GIVEN ENTRIES
# # # # #
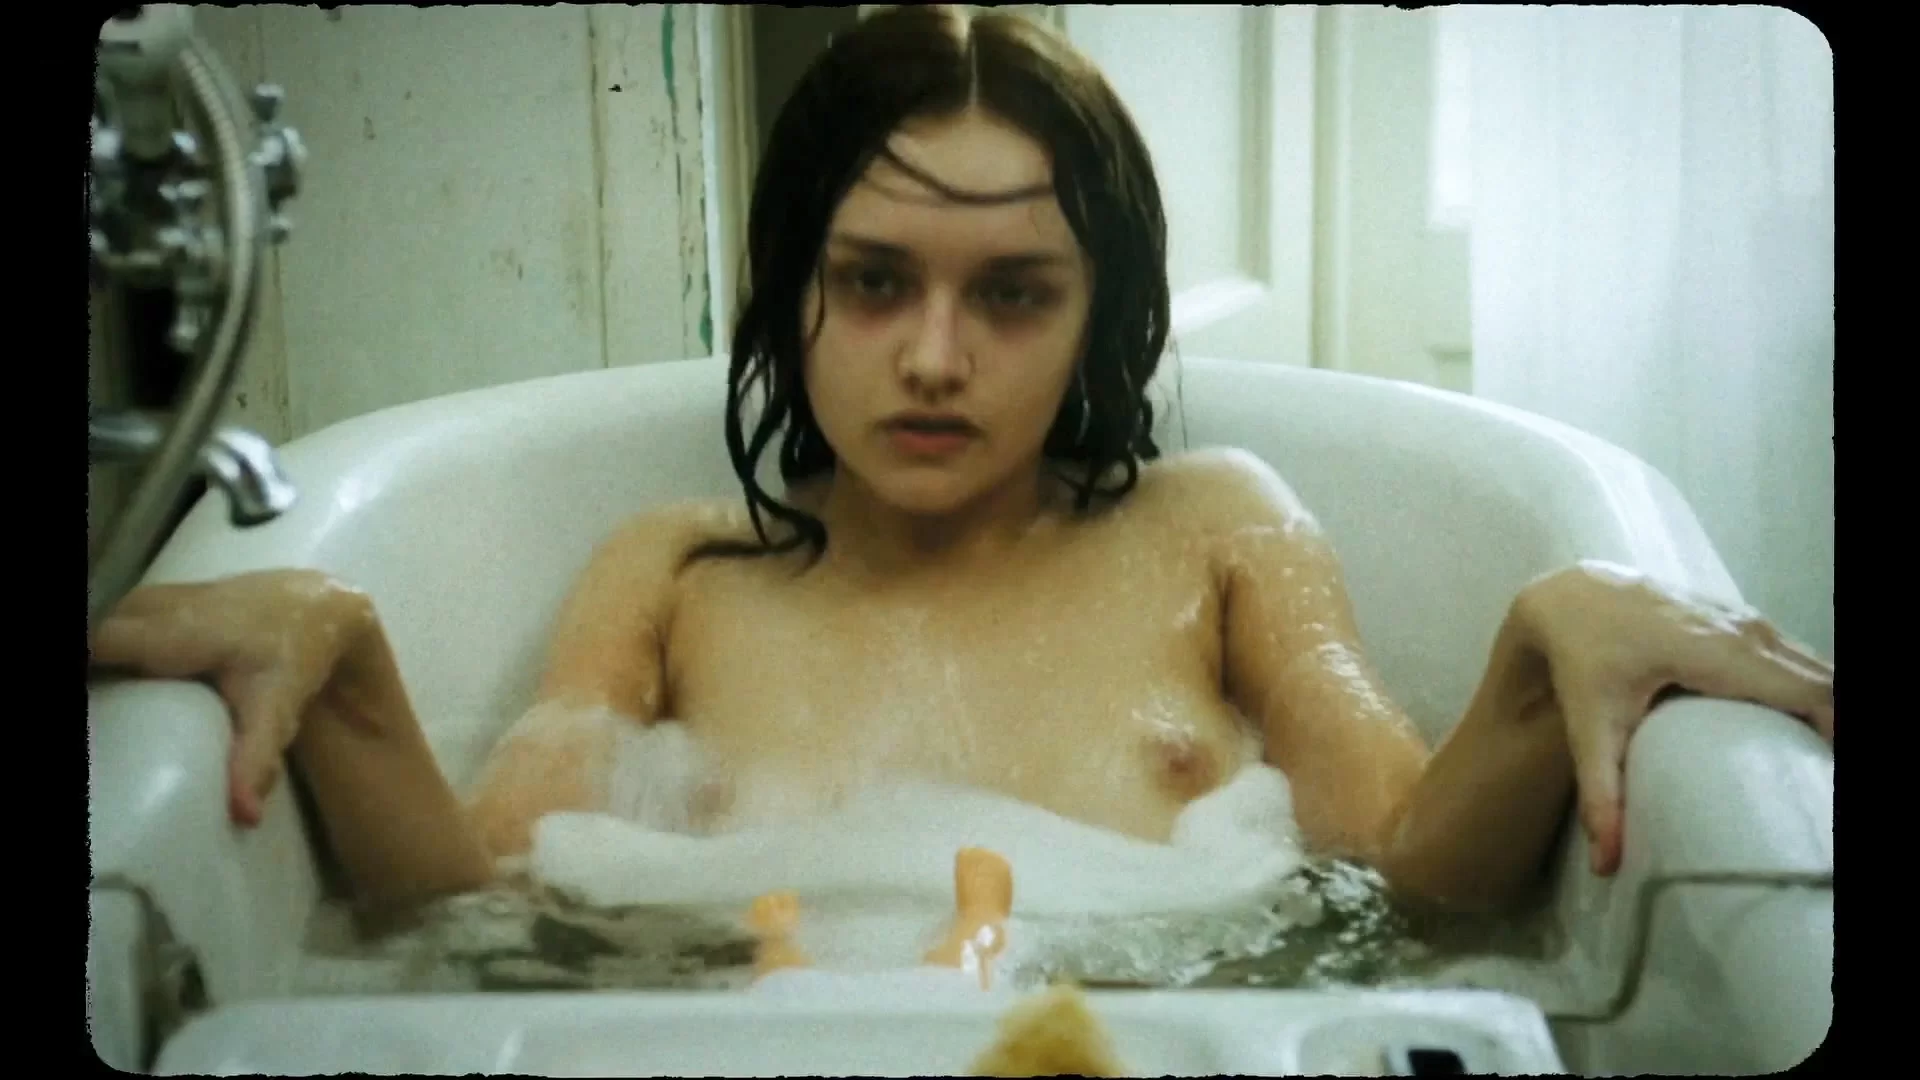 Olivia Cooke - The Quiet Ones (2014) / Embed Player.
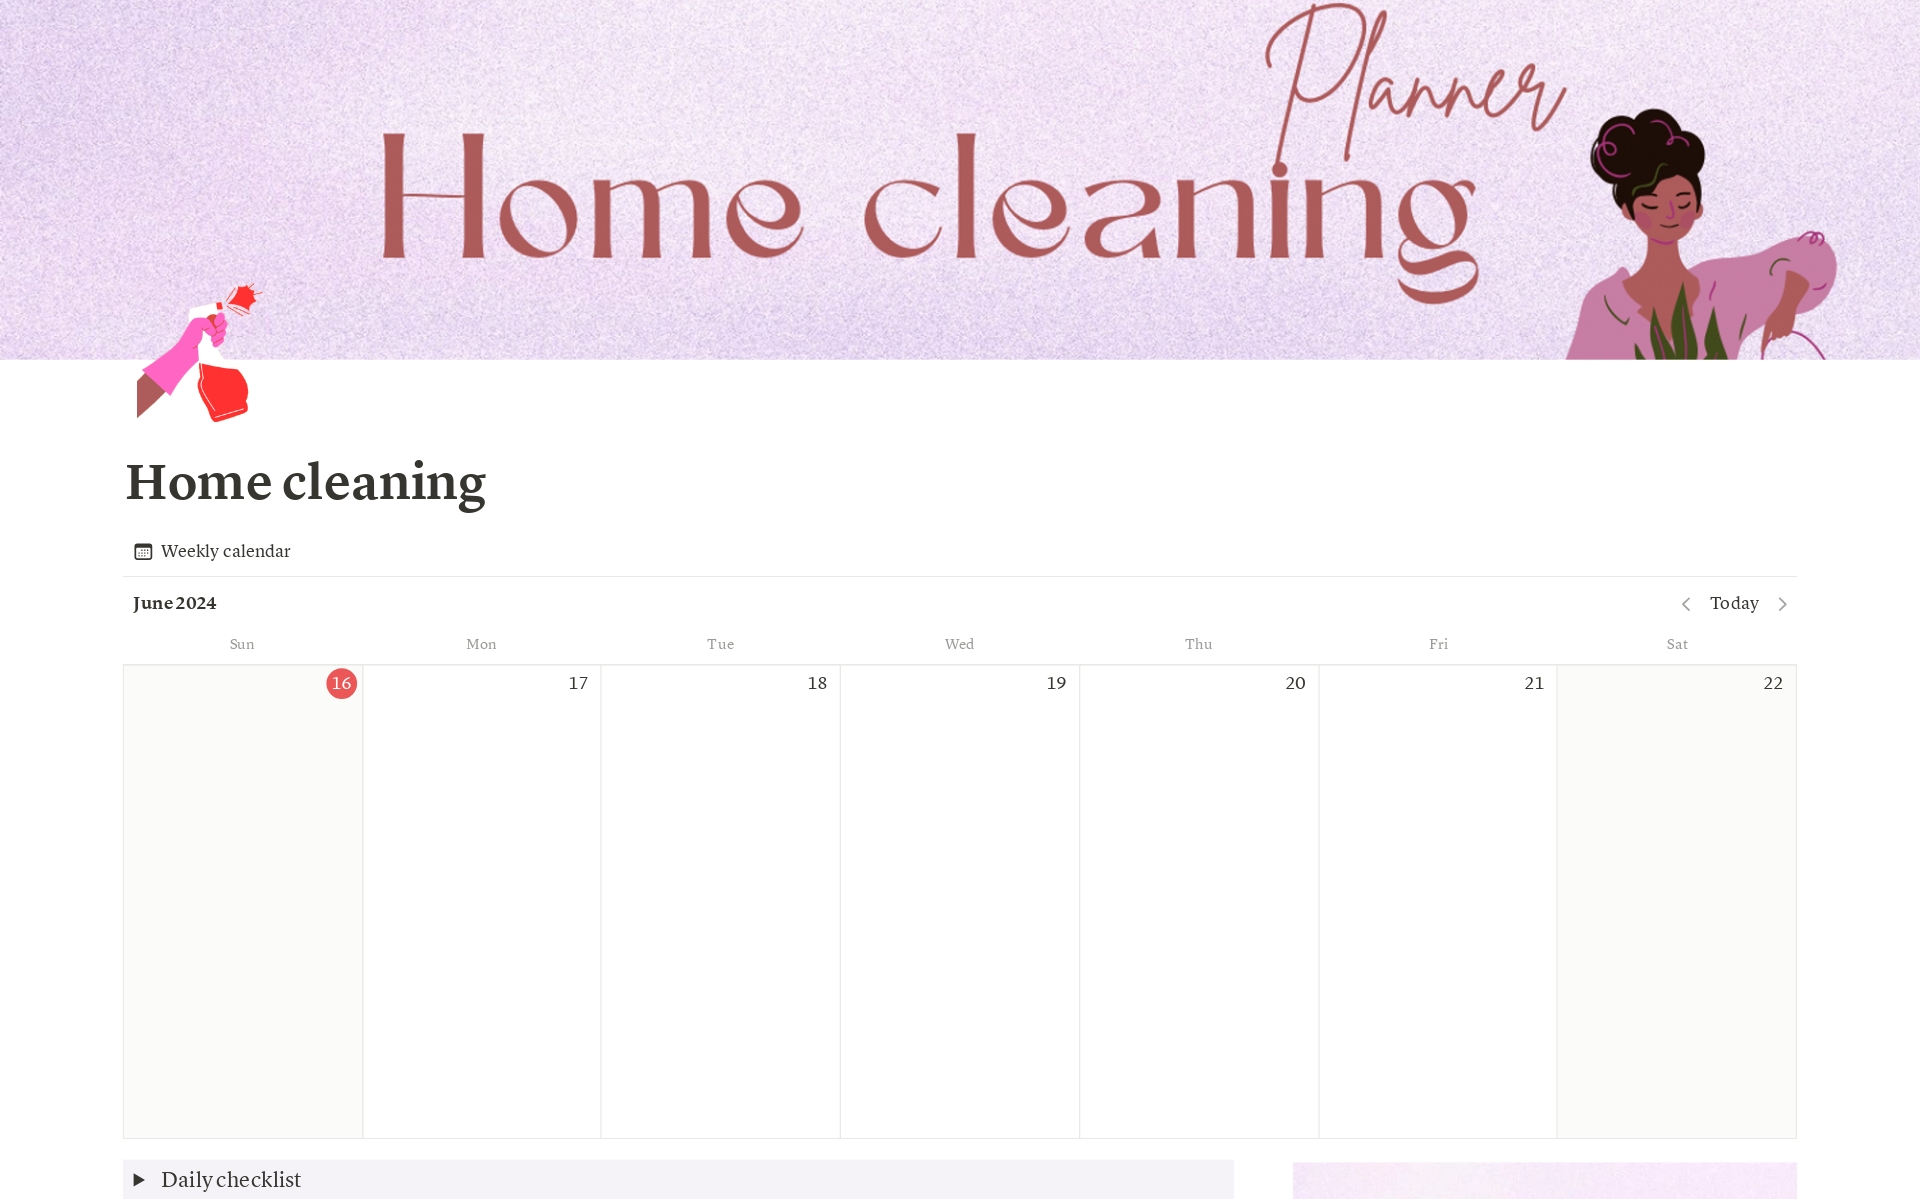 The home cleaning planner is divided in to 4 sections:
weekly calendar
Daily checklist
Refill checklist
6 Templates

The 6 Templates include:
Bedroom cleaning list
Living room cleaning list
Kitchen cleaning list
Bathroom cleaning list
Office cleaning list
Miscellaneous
# # # # #
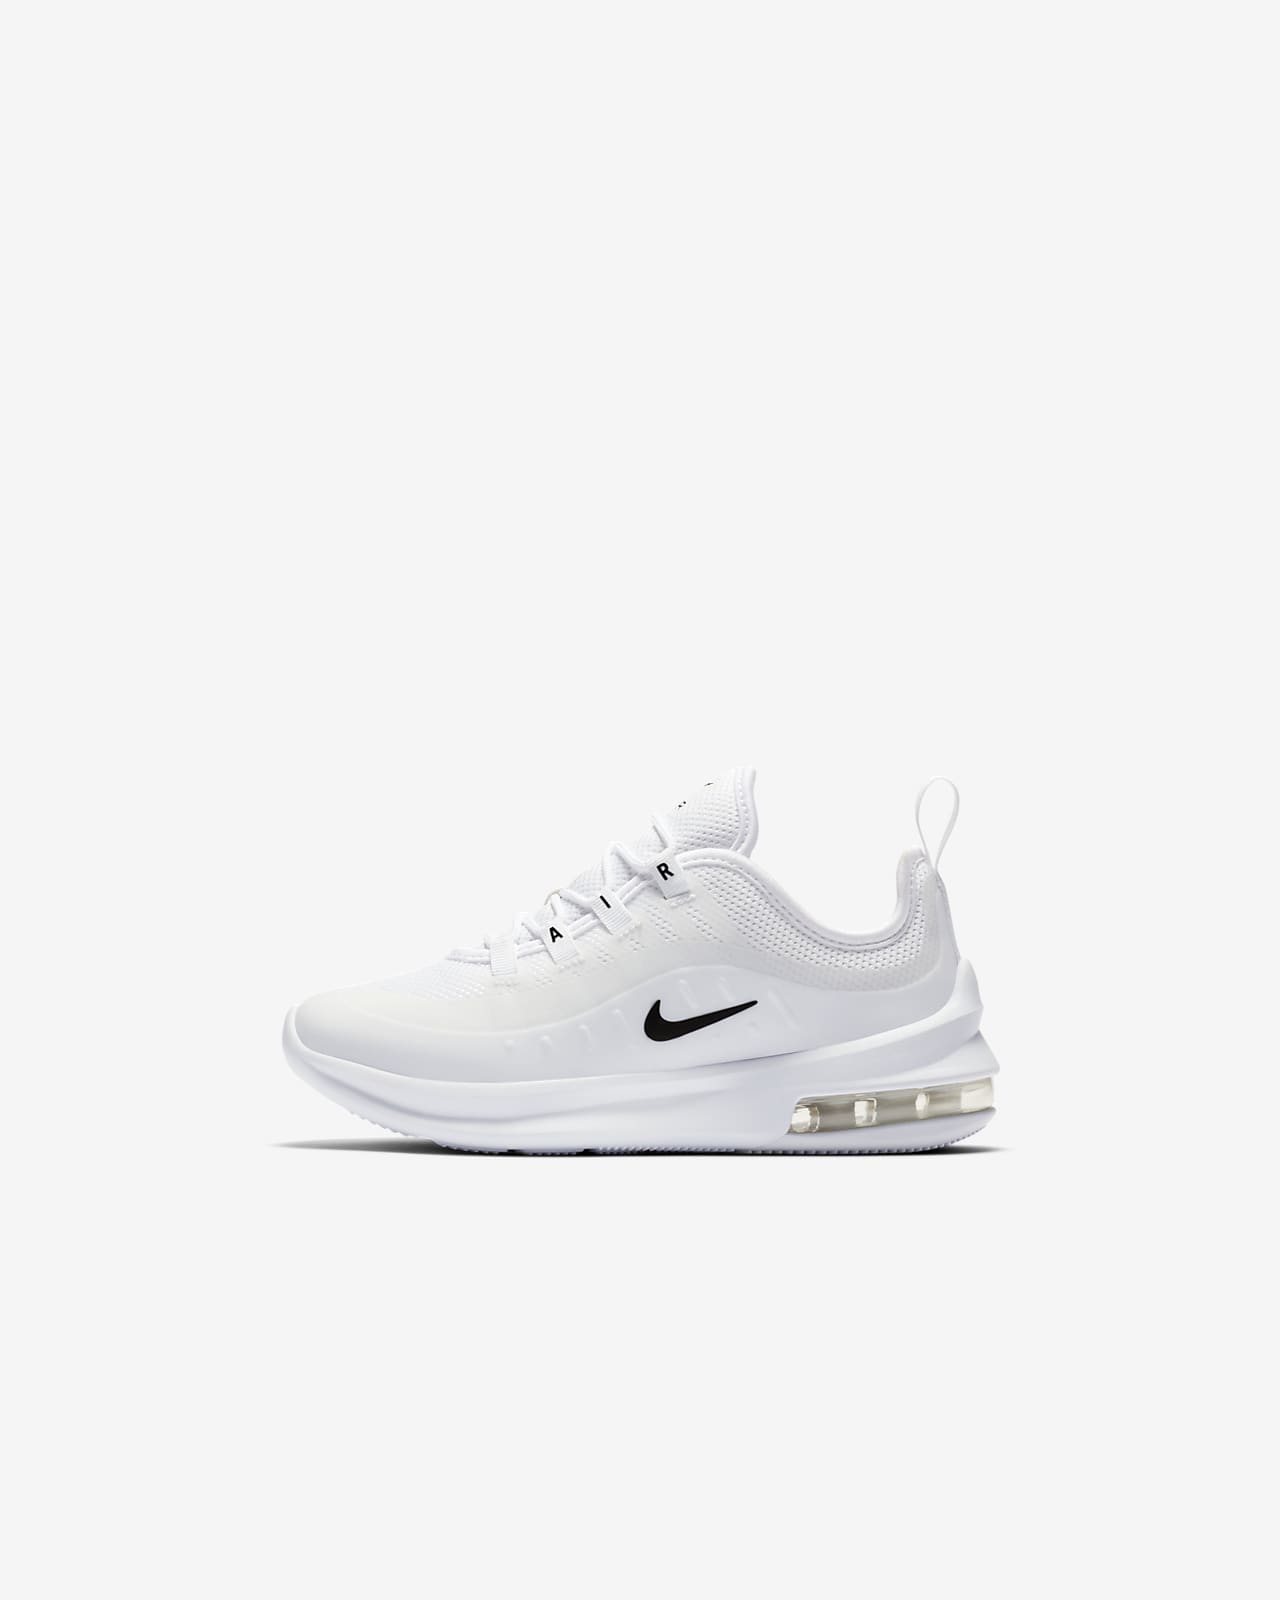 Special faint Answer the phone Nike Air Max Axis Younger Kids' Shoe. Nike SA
# # # # #
WHAT YOU ARE ASKED TO DO
Among the entries above, copy exactly the stretch from the line holding "Olivia Cooke - The" through the line holding "Miscellaneous", leaving out any pictures.

OUTPUT FOR THIS TASK
 Olivia Cooke - The Quiet Ones (2014) / Embed Player.
 The home cleaning planner is divided in to 4 sections:
weekly calendar
Daily checklist
Refill checklist
6 Templates

The 6 Templates include:
Bedroom cleaning list
Living room cleaning list
Kitchen cleaning list
Bathroom cleaning list
Office cleaning list
Miscellaneous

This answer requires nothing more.